I'll sent a separate patch for it soon.
In current linux kernel, nr_cpu_ids is recommended to be used instead
of old NR_CPUS. Because CONFIG_NR_CPUS=4096, it's too big for a lot of
systems.
kmalloc(sizeof(struct foo) * NR_CPUS) ==> kmalloc(sizeof(struct foo) * nr_cpu_ids)
for (i=0; i < NR_CPUS; i++) ==> for (i=0; i < nr_cpu_ids; i++)

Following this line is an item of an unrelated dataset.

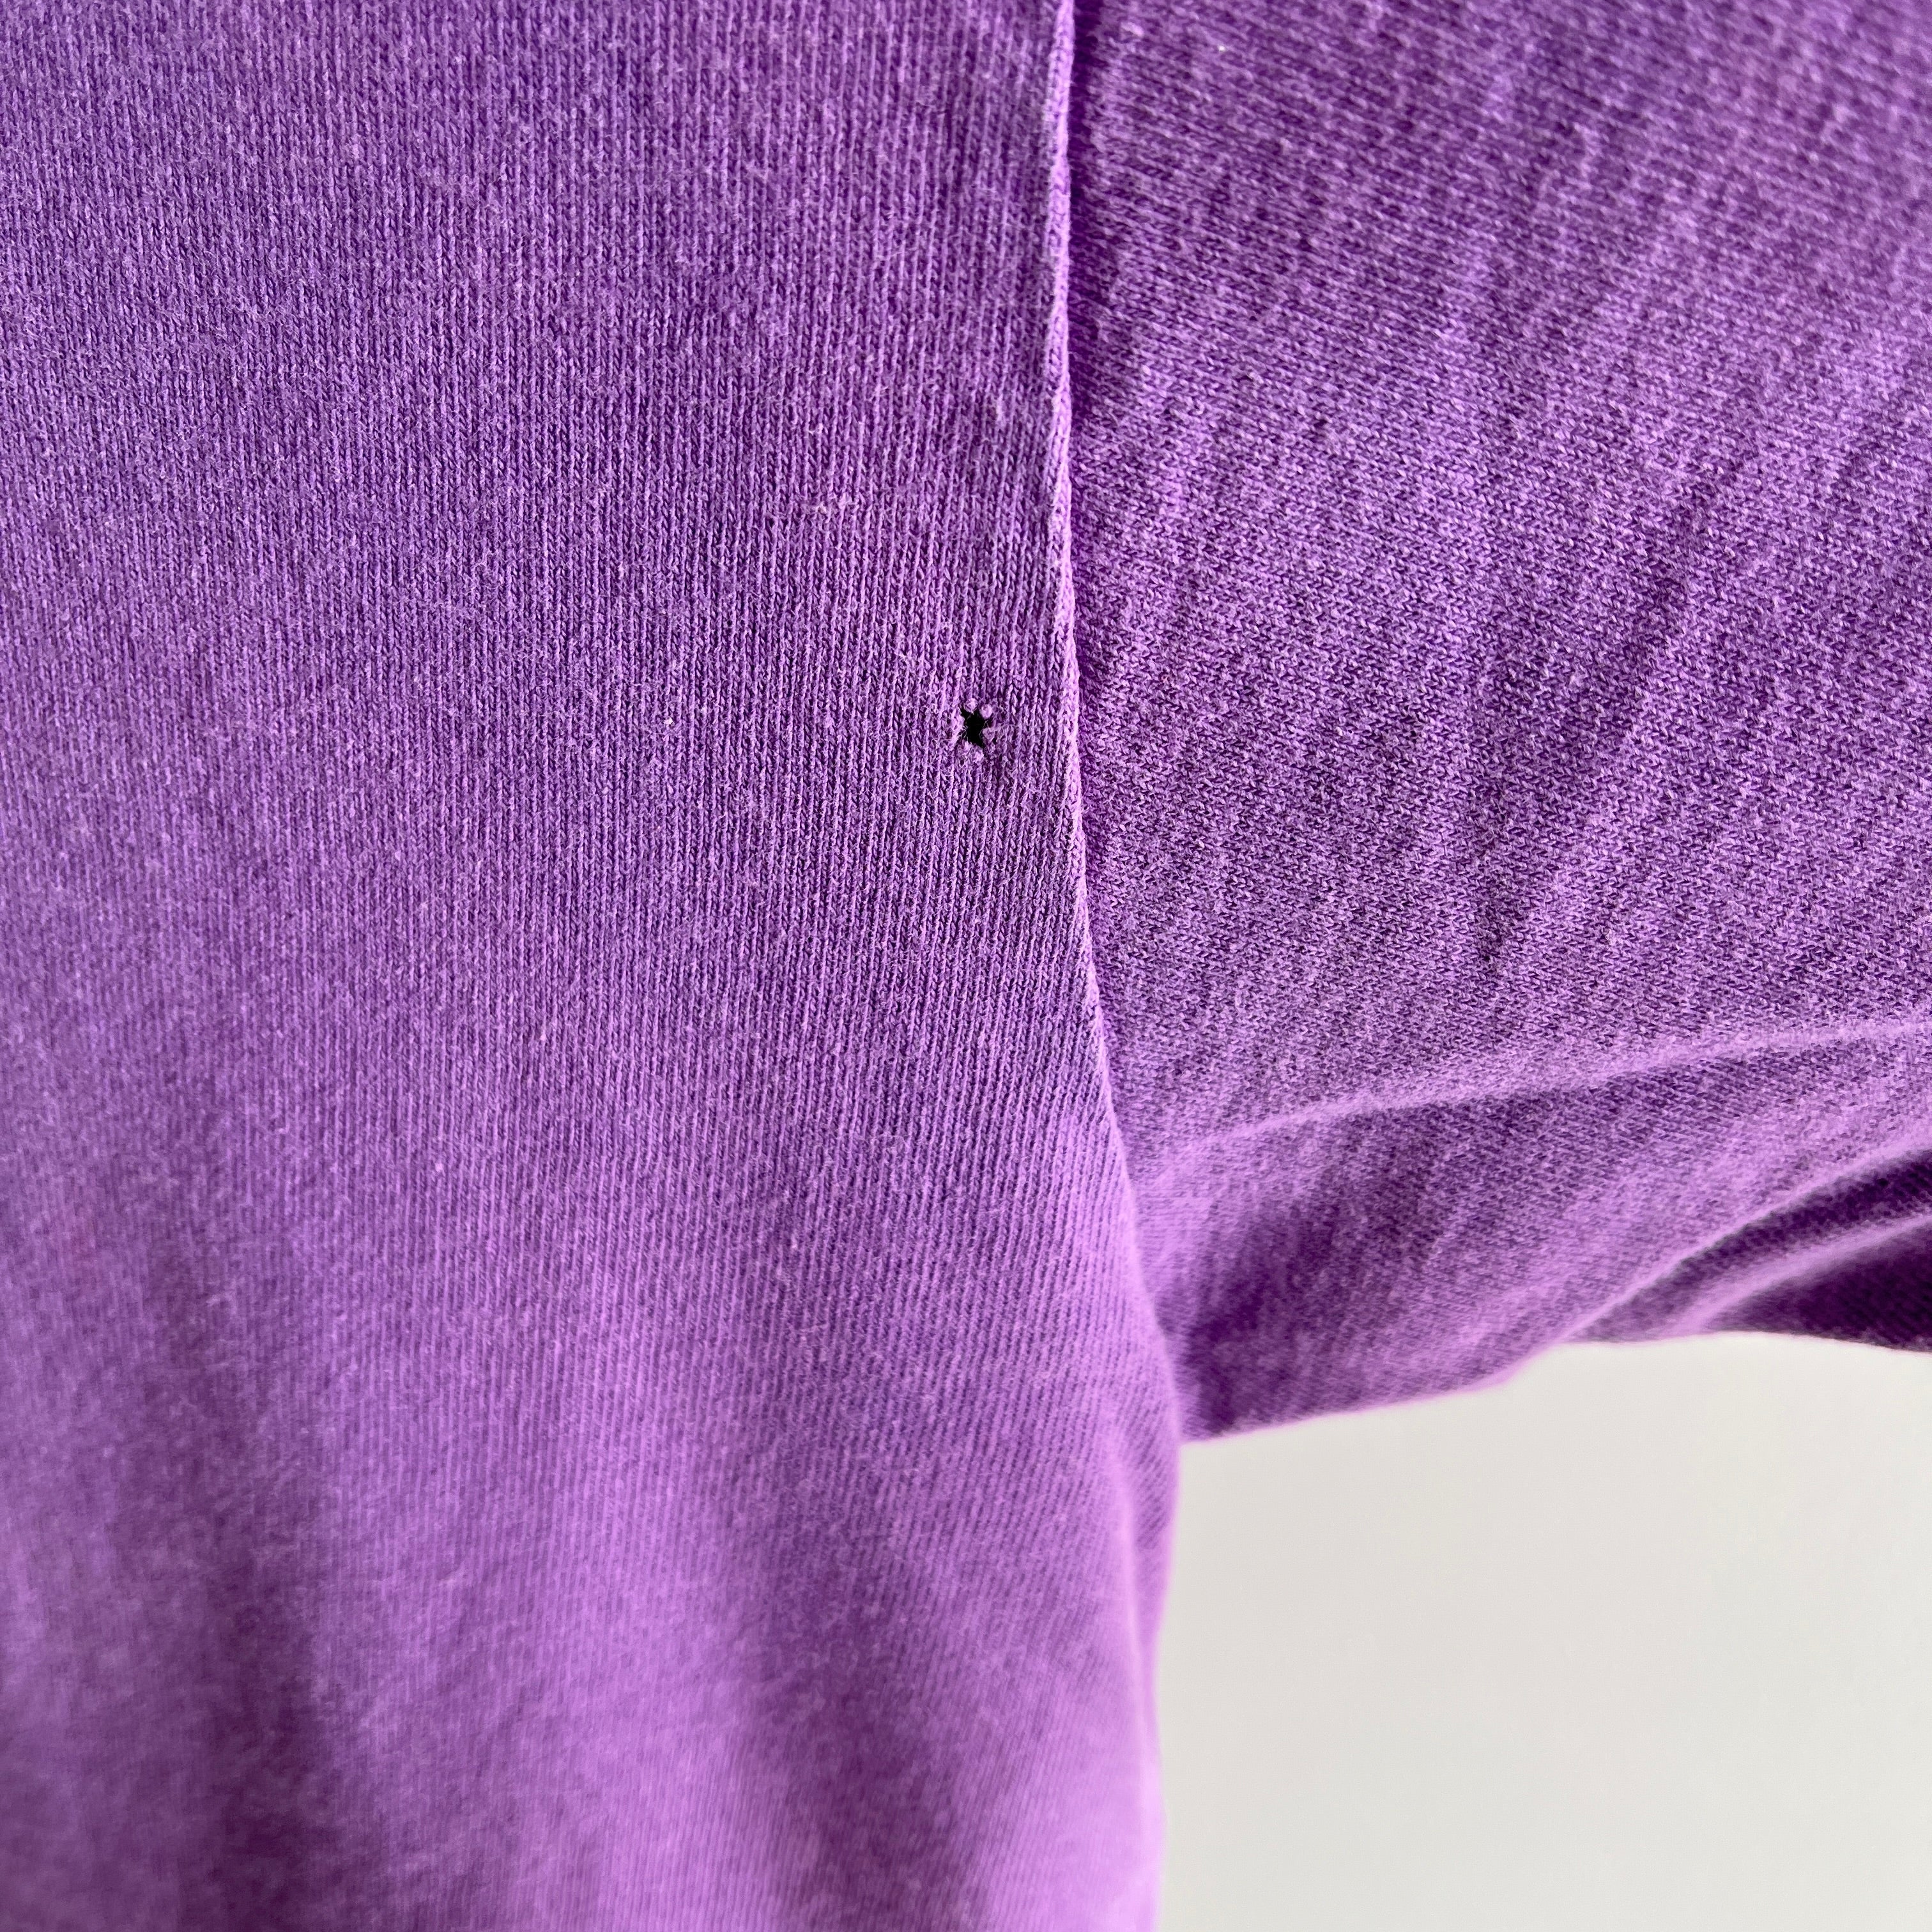 1980s Lavender FOTL Ladies Combed Cotton Blank T-Shirt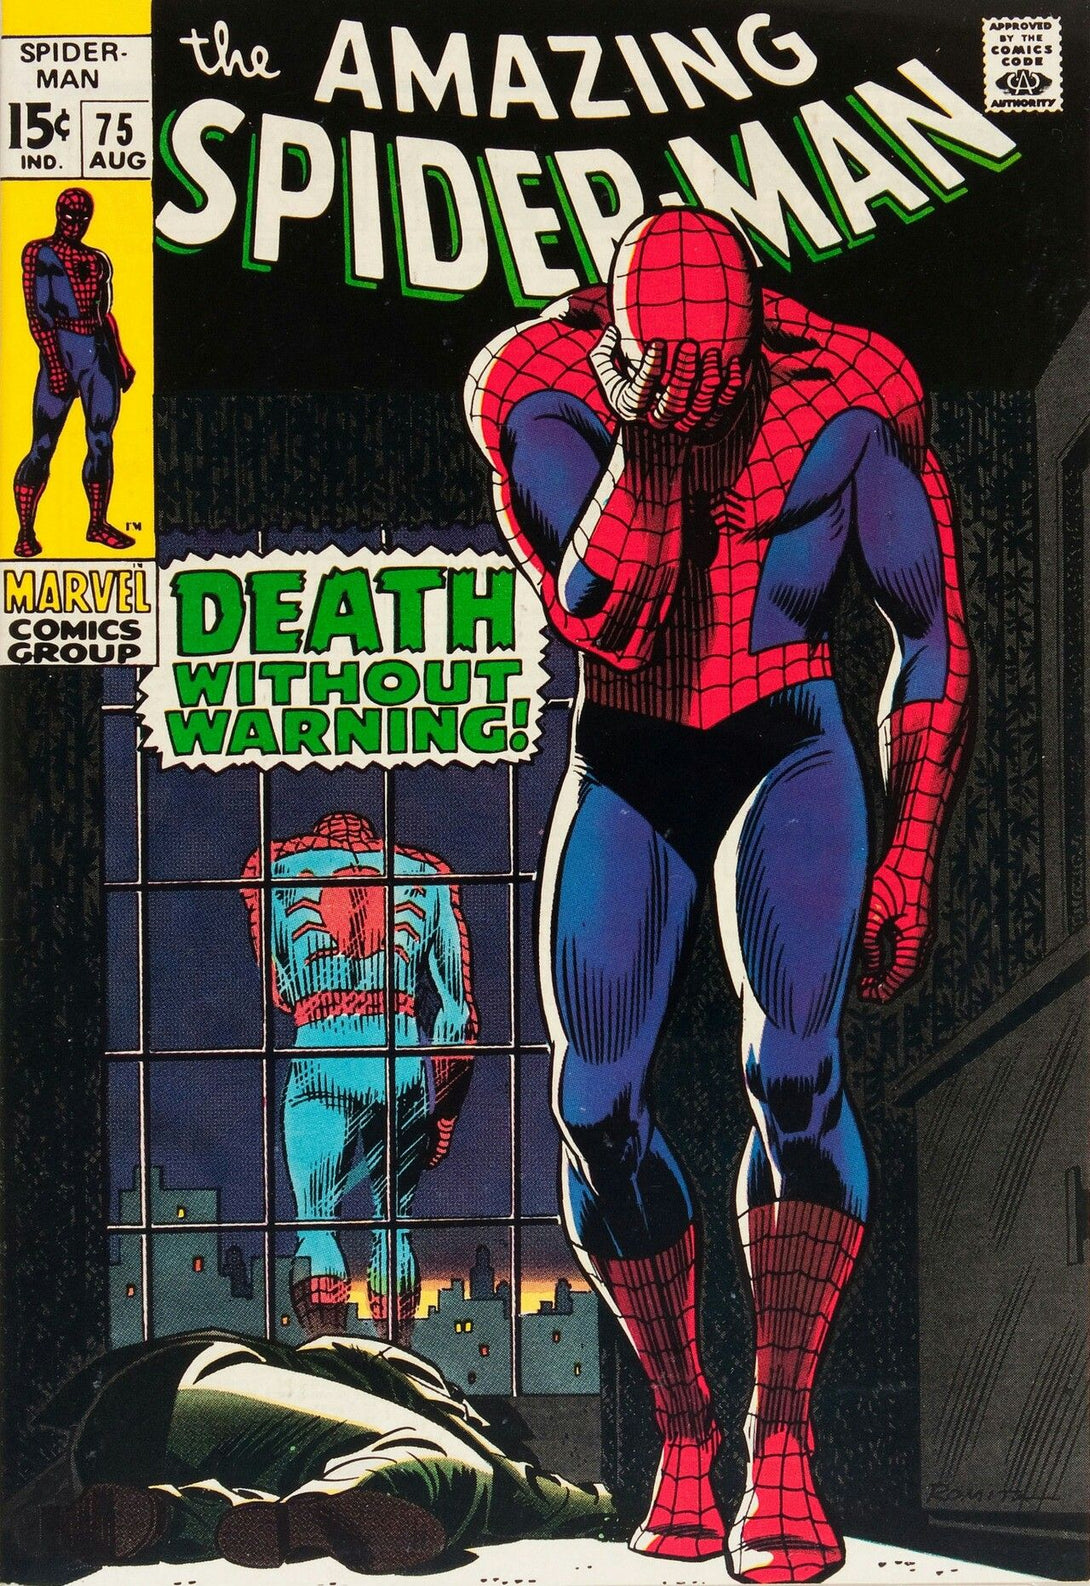 The Amazing Spider-Man # 75

NR_CPUS is also 4096 in crash now, so I also suggest using nr_cpu_ids
instead of NR_CPUS in crash's code when the symbol "nr_cpu_ids"
exists.
I understand the problem with NR_CPUS usage in the kernel, but your
original patch did this:
+ if (symbol_exists("nr_cpu_ids"))
+ get_symbol_data("nr_cpu_ids", sizeof(int),
&kt->nr_cpu_ids);
+ else
+ kt->nr_cpu_ids = 1;
+
+ if (kt->cpus < kt->nr_cpu_ids)
+ kt->cpus = kt->nr_cpu_ids;
+
As I understand it, the kernel's "nr_cpu_ids" is initialized to NR_CPUS,
and then later reduced to the number of "possible" cpus, neither of which
represent the number of online cpus.
The crash utility's "kt->cpus" is meant to reflect the number of actual
cpus that are online. It almost always is less than NR_CPUS and/or the
number of "possible" cpus -- only if the number of online cpus is actually
equal to the number of possible cpus would they ever be the same. So the
setting of "kt->cpus = kt->nr_cpu_ids" above cannot be the correct thing
to do.
Now, there may be another bug w/respect to your box such that the crash
utility cannot determine the number of cpus. That determination is done
differently by the supported processors -- I'd be interested in exactly
what the bug in your machine is.
Thanks,
Dave